Cuba, various reports say, imports 80% or more of its food. Now, co-ops can lease land for decades from the government. But what will they use for capital? Comparing the productivity of a Midwest farm to output from hand labor in Cuba — no thanks.

Yet Cubans can get access to the Internet. People, including ballplayers, come and go easily; they send money home. Medical care is not bad, except that certain drugs are expensive or unavailable. Music is in the air. I saw vivid, energetic art. Race doesn’t seem to matter much; mixed groups and couples were everywhere (women’s status: uneven — what’s new?). Neighborhood watch groups appear to be worthless. Yes, the top levels of the Communist Party make policy. But the Party is loosening up and allowing more private enterprise; I saw a well-set up design and construction company.

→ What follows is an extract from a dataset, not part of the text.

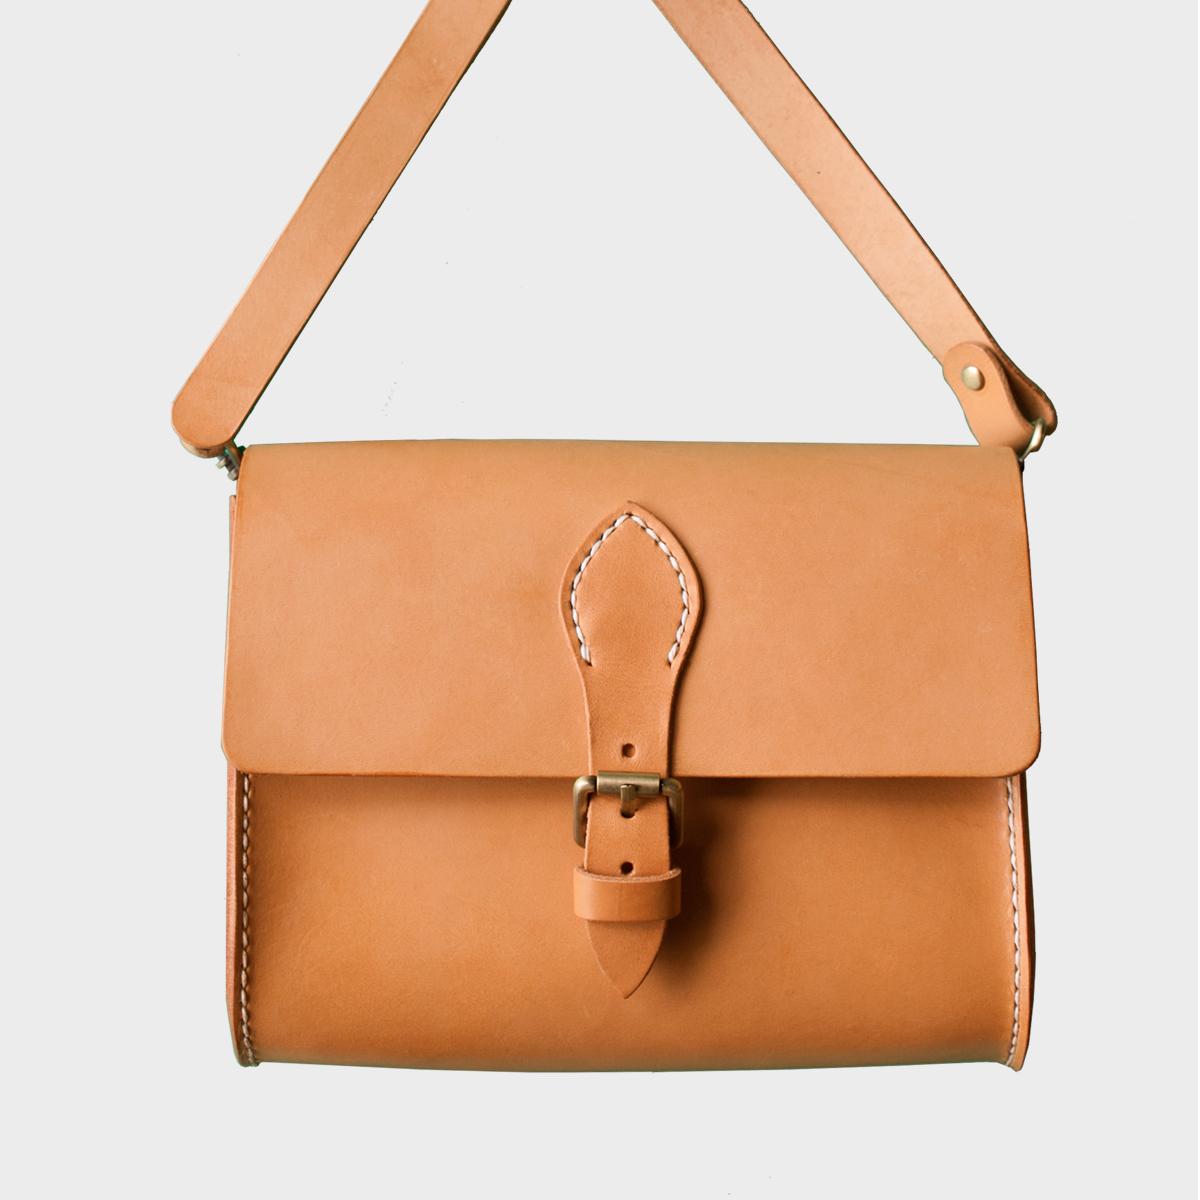 極簡隨身包Portable Bag NT$ 3,980  HDA0006

Given the low productivity, the U.S. could easily destroy the last vestiges of revolution and socialist enthusiasm in Cuba and lift the official embargo. The big ag firms, among others, would descend on the island to invest; the growing season is 12 months and the place is 90 miles from Florida. American capital would rule. 

I heard a lot about power to the people here in the ’60s, in Cuba (El Pueblo!), and in the Soviet Union (Narod!), and look how that turned out. In my view, the upper middle class in the USSR got tired of working for the “collective”; they wanted more for themselves and their children. That just seems natural.

Dear Cuba, you are still on my mind.


Robert W. Thurston, Emeritus Professor of History at Miami University, is currently working on a history of the Ohio Indian Wars and the Whiskey Rebellion of the 1790s.